Nonninger Tim J, Mak Jennifer, Gerisch Birgit, Ramponi Valentina, Kawamura Kazuto, Ripa Roberto, Schilling Klara, Latza Christian, Kölschbach Jonathan, Serrano Manuel, Antebi Adam
Max Planck Institute for Biology of Ageing, Cologne, Germany.
Institute for Research in Biomedicine (IRB Barcelona), Barcelona Institute of Science and Technology (BIST), Barcelona, Spain.
Nat Aging. 2025 Jun 30. doi: 10.1038/s43587-025-00911-4.
Diapause is a long-lived state of resilience that allows organisms to outlast adversity. Caenorhabditis elegans can endure months in a fasting-induced adult reproductive diapause (ARD) and, upon refeeding, regenerate and reproduce.

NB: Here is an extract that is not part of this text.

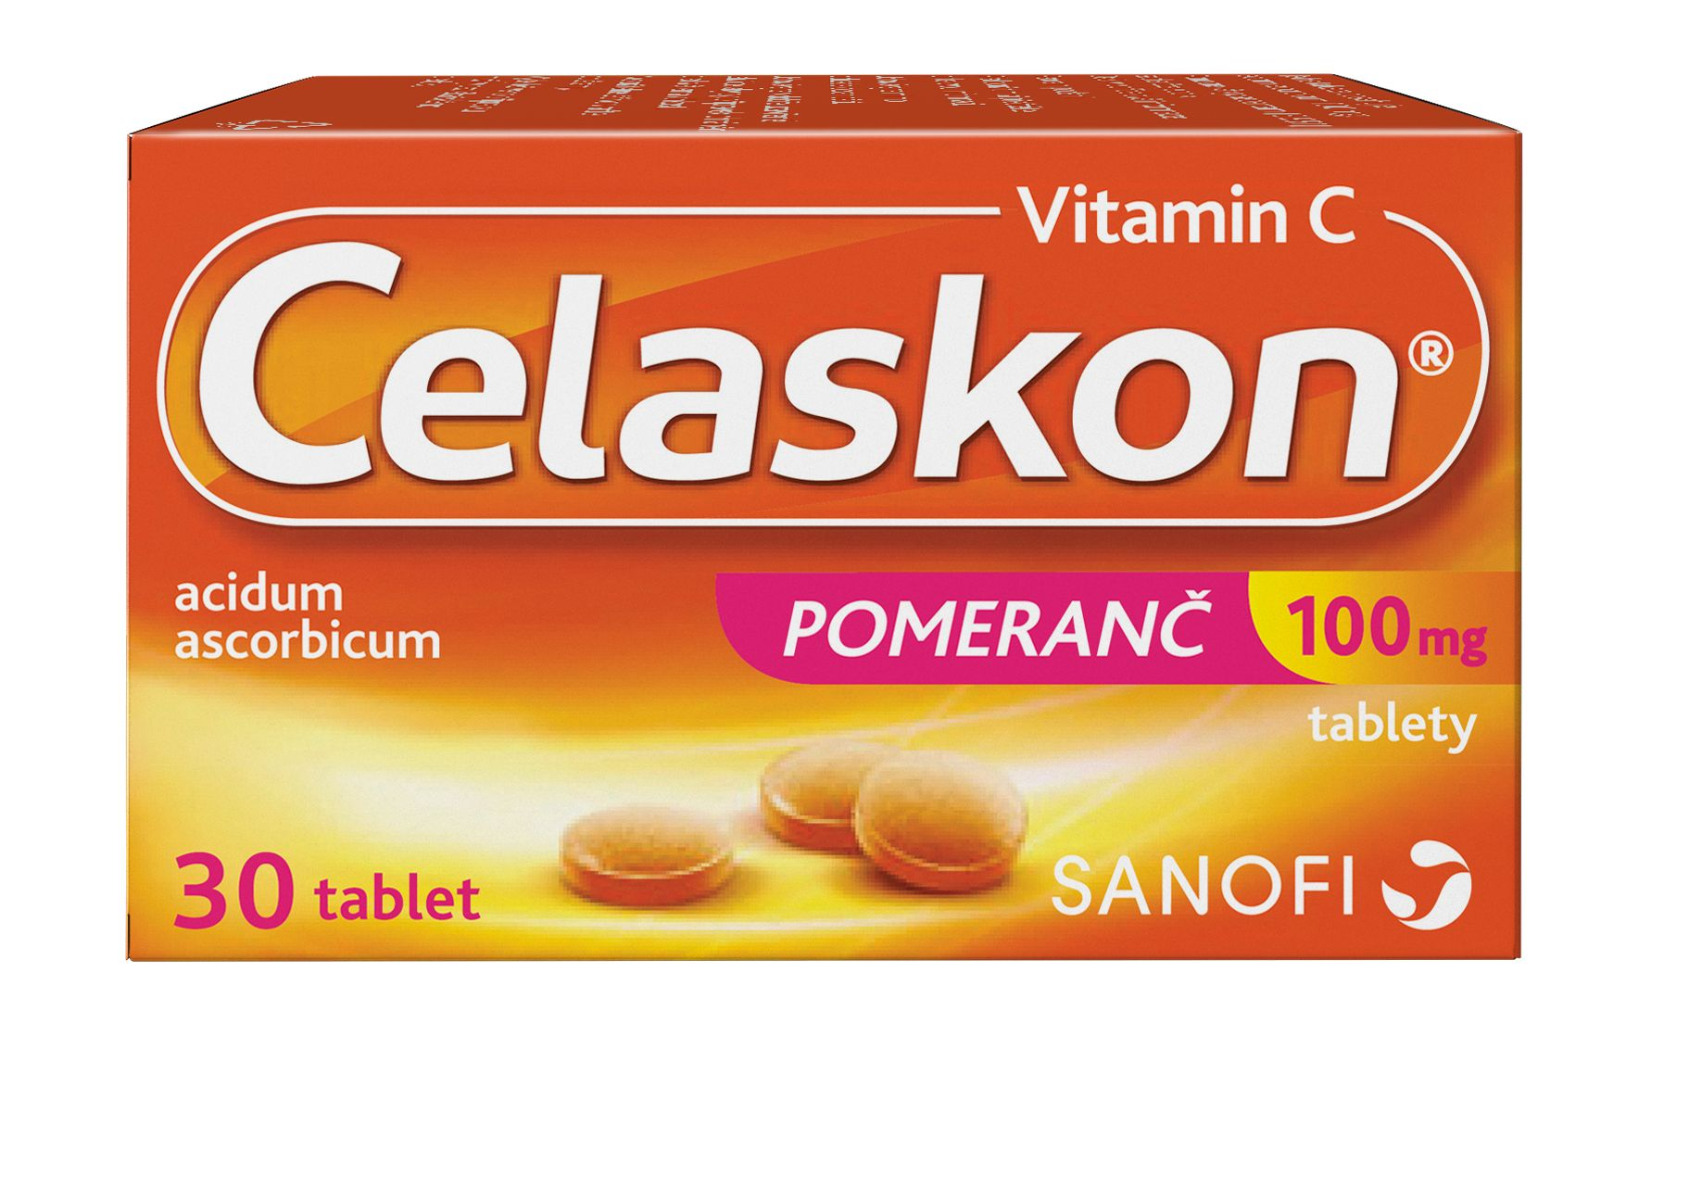 Celaskon Pomeranč 100 mg 30 tablet Celaskon

Here we find that mutants of ARD master regulator hlh-30/TFEB arrest in a senescence-like state during ARD and refeeding, in which germline stem cells are characterized by DNA damage, nucleolar expansion, cell cycle arrest and mitochondrial dysfunction, alongside dysregulated immune and growth metabolic signatures, elevated senescence-associated β-galactosidase and premature aging at the organismal level. Forward genetic screens reveal a TFEB-TGFβ signaling axis that systemically controls diapause, stem cell longevity and senescence, aligning nutrient supply to proper metabolism and growth signaling. Notably, TFEB's vital role is conserved in mouse embryonic and human cancer diapause. Thus, ARD offers a powerful model to study stem cell longevity and senescence in vivo, directly relevant to mammals.

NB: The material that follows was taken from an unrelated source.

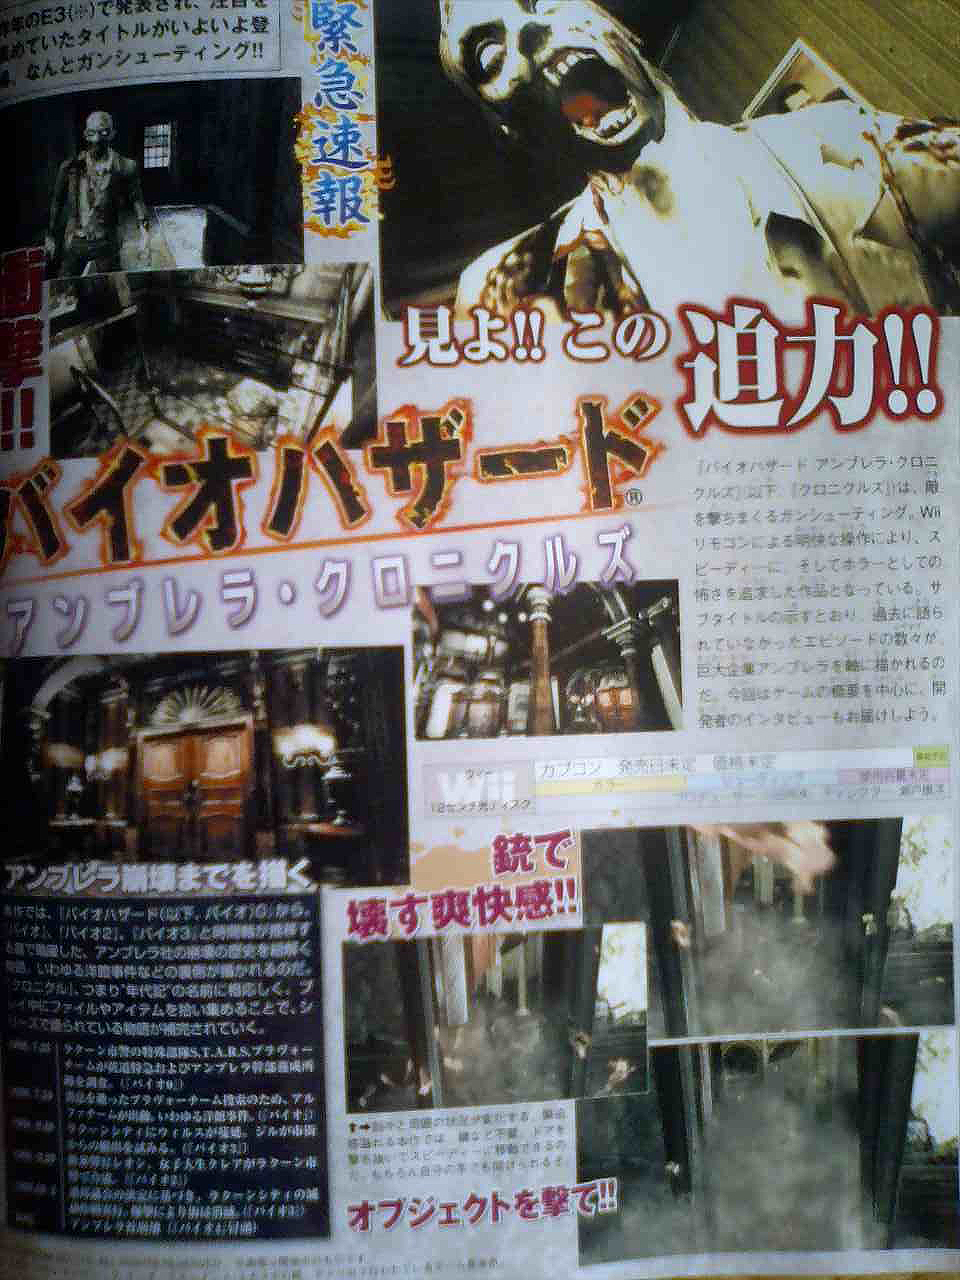 Resident Evil Umbrella Chronicles, mint FPS?

滞育是一种长期的恢复力状态,使生物体能够在逆境中存活更长时间。秀丽隐杆线虫可以在禁食诱导的成虫生殖滞育(ARD)状态下耐受数月,重新进食后能够再生并繁殖。我们发现,ARD主要调节因子hlh-30/TFEB的突变体在ARD和重新进食期间会停滞在类似衰老的状态,其中生殖系干细胞的特征是DNA损伤、核仁扩大、细胞周期停滞和线粒体功能障碍,同时伴有免疫和生长代谢信号失调、衰老相关β-半乳糖苷酶升高以及机体水平的早衰。正向遗传学筛选揭示了一个TFEB-TGFβ信号轴,该信号轴系统地控制滞育、干细胞寿命和衰老,使营养供应与适当的代谢和生长信号相匹配。值得注意的是,TFEB的重要作用在小鼠胚胎和人类癌症滞育中是保守的。因此,ARD为研究体内干细胞寿命和衰老提供了一个强大的模型,与哺乳动物直接相关。